I took this table from a site explaining the decision rules for accepting or rejecting the null hypothesis when doing an interim analysis. But I didn’t quite understand what the conditions are for deciding the effectiveness of the treatment.
Let’s assume the Obrien/Fleming method where we decide to do an intermediate analysis and a final analysis. In the table this corresponds to R=2, interim analysis alpha: 0.0054 and final analysis alpha: 0.0492. If for example my p.value at the interim analysis is lower than the threshold. This means that there is a difference in efficacy, could I decide to stop for efficacy at this stage? Or should I go through with the study? Conversely, if the p.value is above the threshold, should I stop for ineffectiveness, if the results do not look promising? Conversely, if the results seem promising and the study goes to the end and at the final analysis the p.value is below the threshold, could we conclude that it is effective, even if at the intermediate level there was no proof of effectiveness?

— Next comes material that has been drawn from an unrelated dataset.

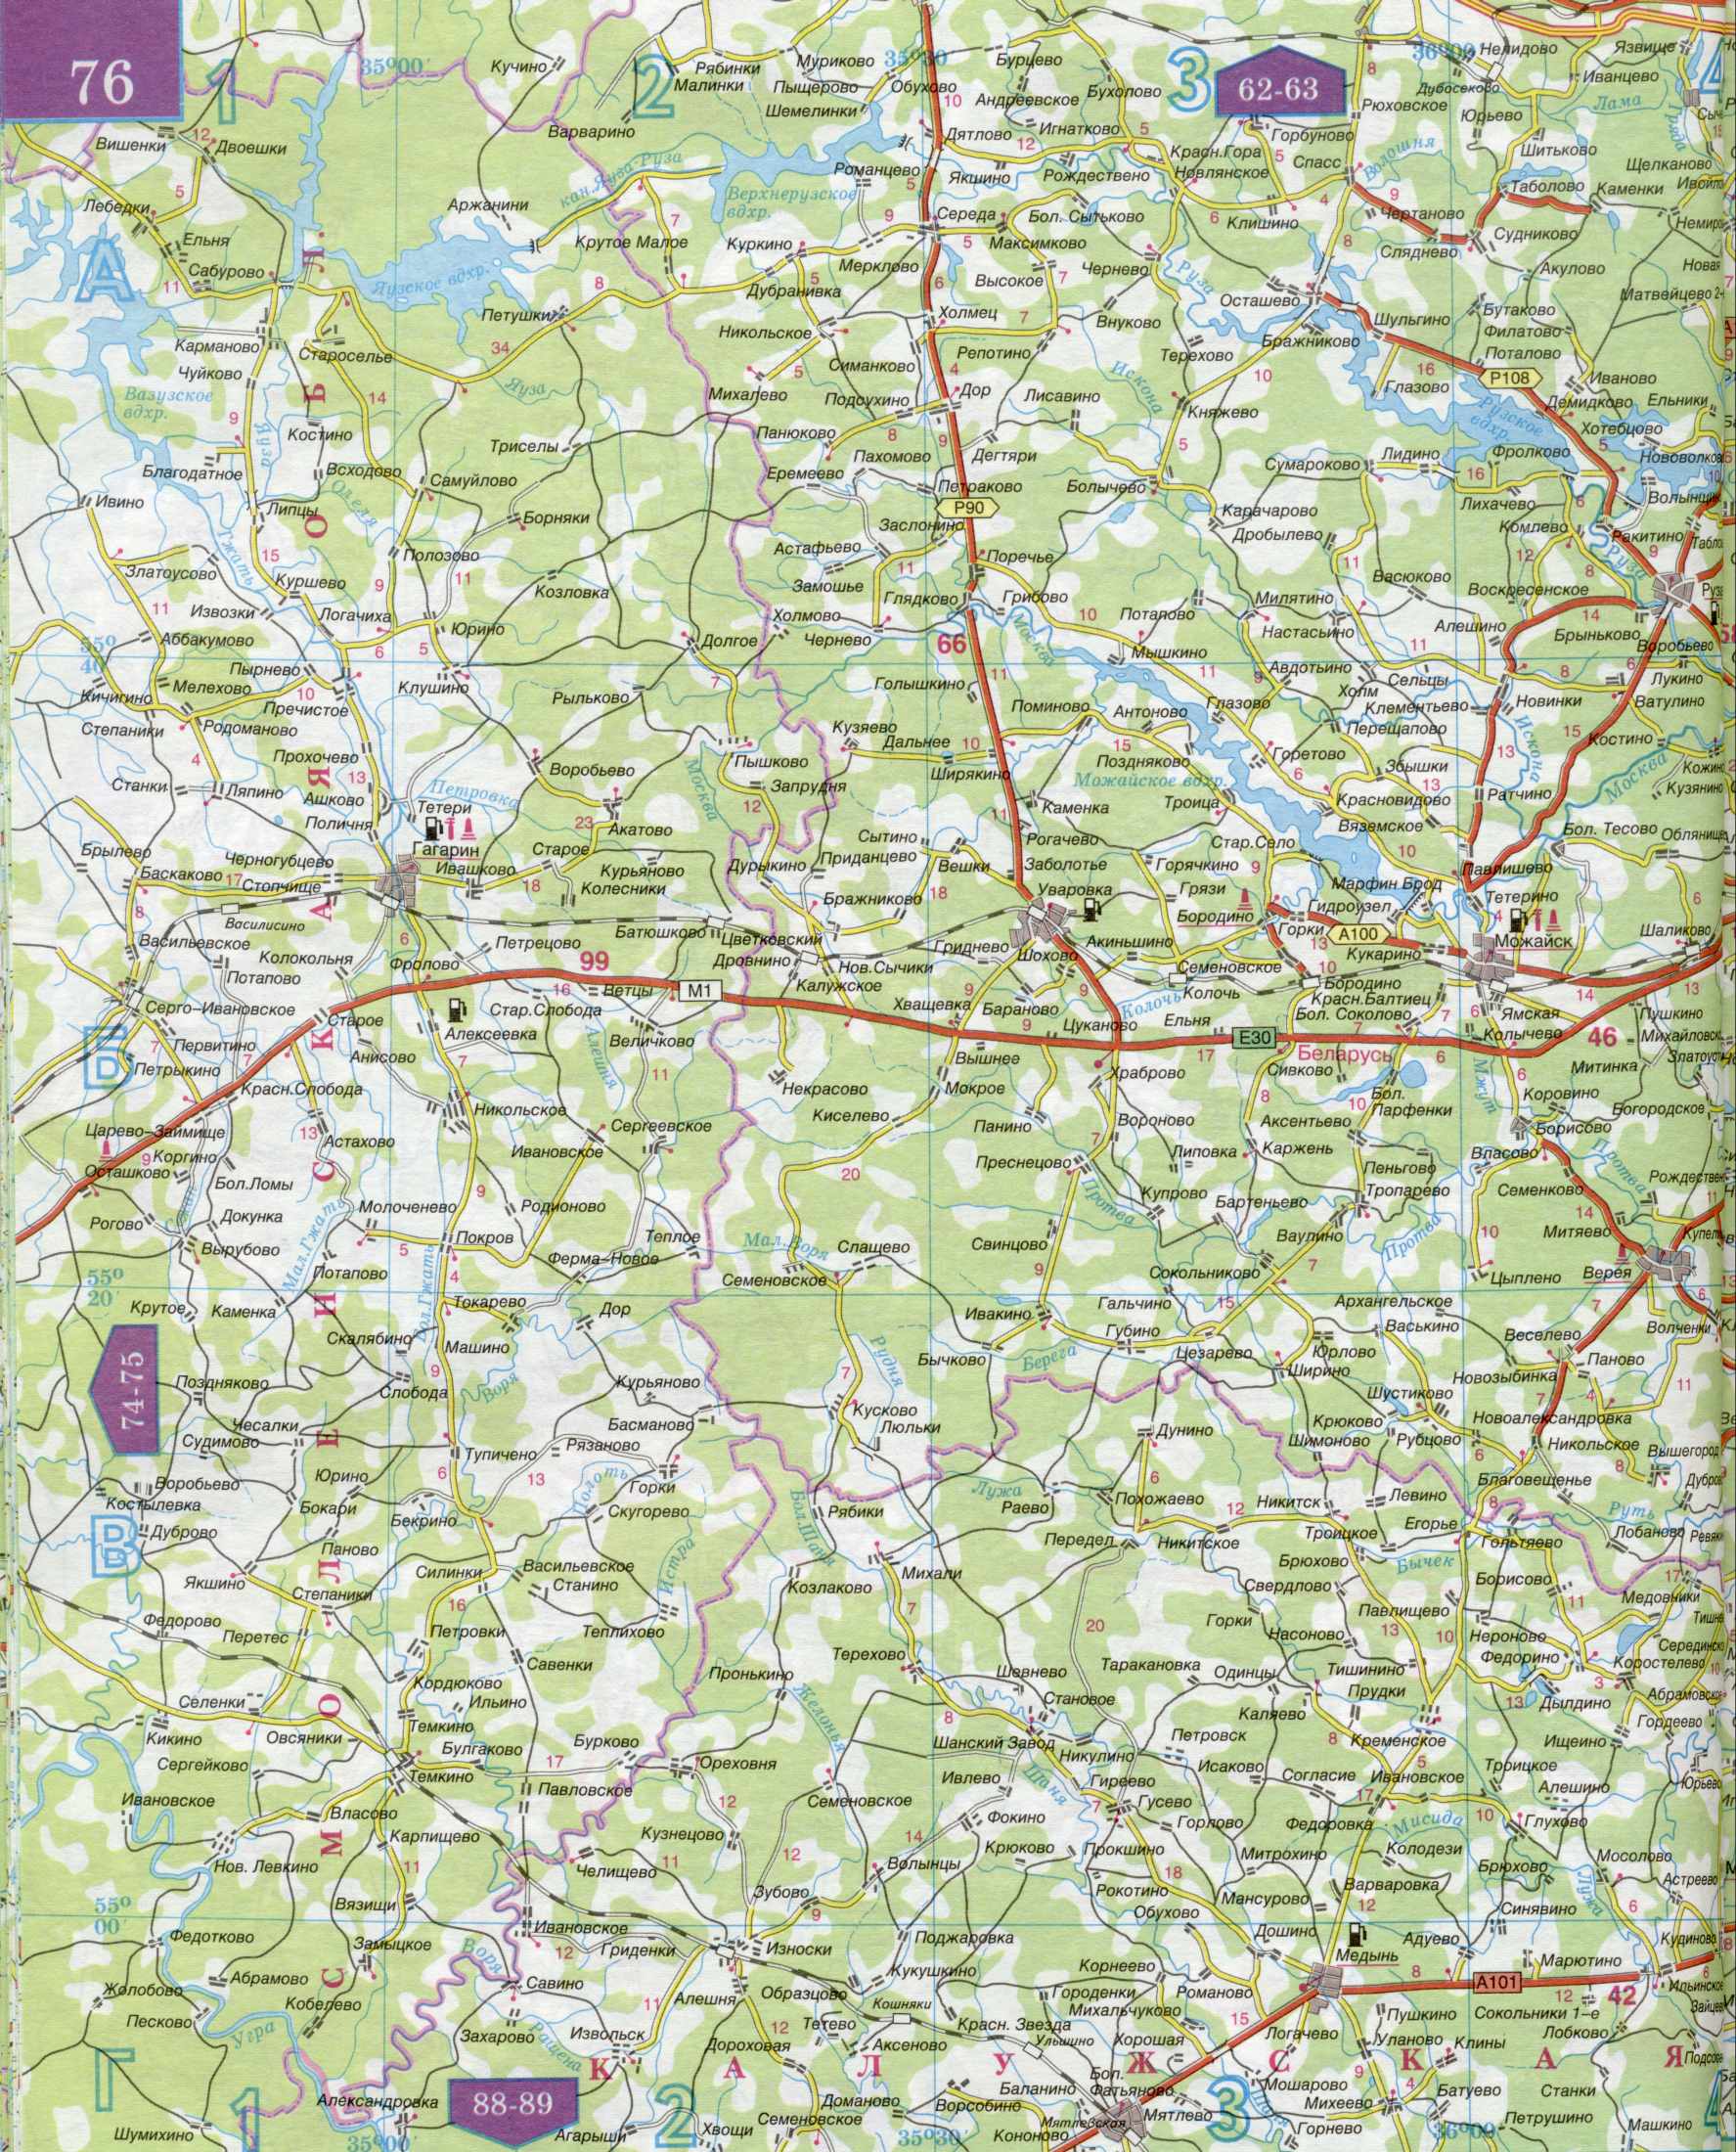 Карта автомобильных дорог Московской области 1см=5км. Подробная карта автомобильных дорог  - Московская область и прилегающие территории. Скачать бесплатно, A1 - 
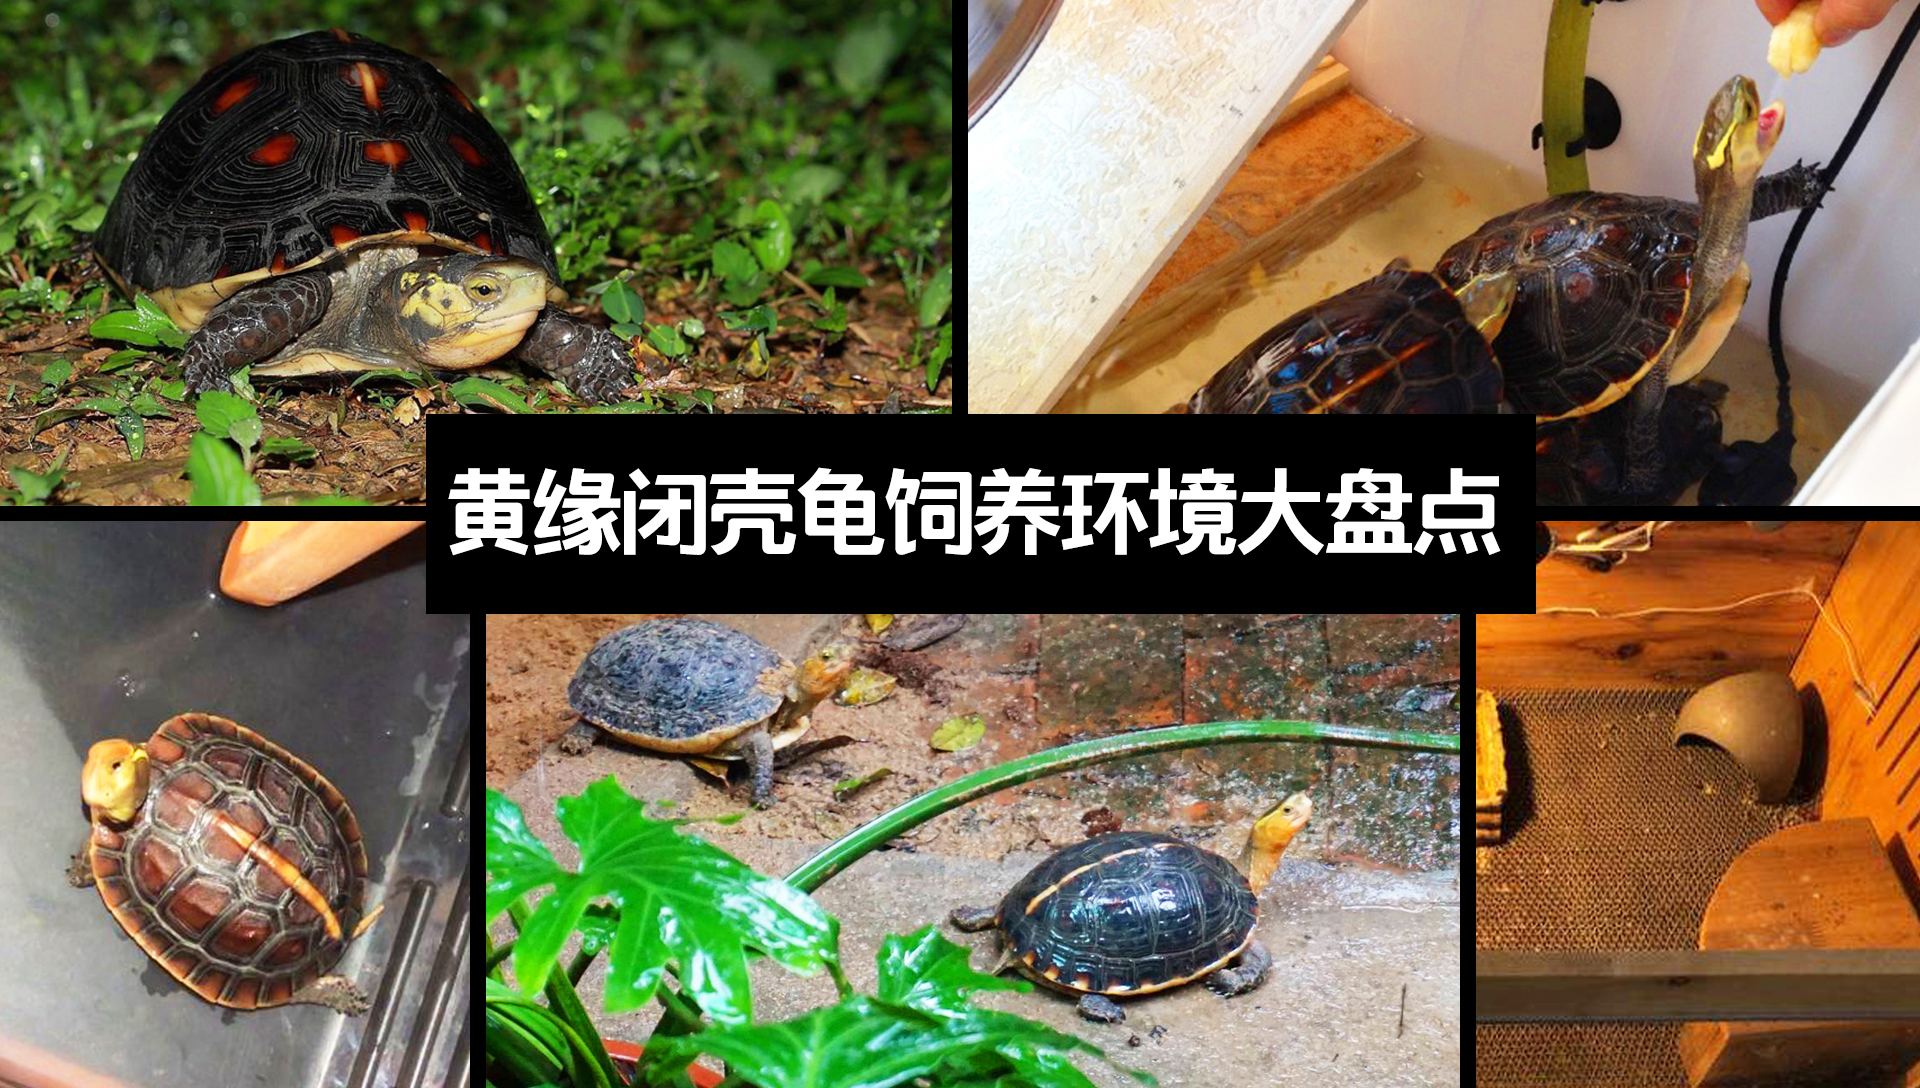 【黄缘闭壳龟饲养指南(二)】黄缘龟饲养环境大盘点,不同的条件选择不

And as for Pocock’s method, if I understand correctly, when one decides to do a single interim analysis, would the pvalues of the interim analysis and the final analysis have to be significant to speak of effectiveness?
The arbitrariness in the choice of the \alpha-spending function and the fact that you must be more conservative (1) at the intermediate times because you intend to do later tests and (2) at the end because you did earlier tests even if they are inconsequential are all reasons to prefer a drammatically different, Bayesian, approach that looks at evidence in terms of what happened instead of why might have happened.
But more to your question there are tons of papers and books written on the subject, and they tend to treat interim looks not as hard and fast rules but as statistical guidelines for the data monitoring committee members. Just keep in mind that the probabilities you mentioned are probabilities about data, not probabilities about the unknown treatment effect. The former are highly context-dependent. More about the stark contrast between \alpha and decision errors may be found here.
you’d have to design the study for ‘futility’. Practical problems arise when planning an interim analysis, see the section on interim analysis in the EMA reflection paper on adaptive designs: https://www.ema.europa.eu/en/documents/scientific-guideline/reflection-paper-methodological-issues-confirmatory-clinical-trials-planned-adaptive-design_en.pdf: “decision making about stopping a trial early should also consider the fact that acceptance of study results is not only based on a statistically significant primary result. Primary efficacy data should be complimented by a careful assessment of consistency of trial results beyond the primary variable(s), including results in important subgroups, and the adequacy of the safety database. A discussion is needed as to whether all the requisite information can be provided if the study is stopped at an interim analysis.”
Well stated, although the “in important subgroups” may be “futile” just because in most cases the sample size was not really large enough for the intended overall assessment, so it’s way too small to trust subgroup estimates.
I thank you for responses that help me a lot to comprehend these issue
Just bouncing off your post to link my all-time favourite paper: Bayesian Approaches to Randomized Trials, which includes a lot on data monitoring and how to construct reasonable enthusiastic and sceptical priors to assist the DMC.
That paper changed my career, as I mentioned in My Journey From Frequentist to Bayesian Statistics | Statistical Thinking. Spiegelhalter et al really nailed Bayes as a problem solver.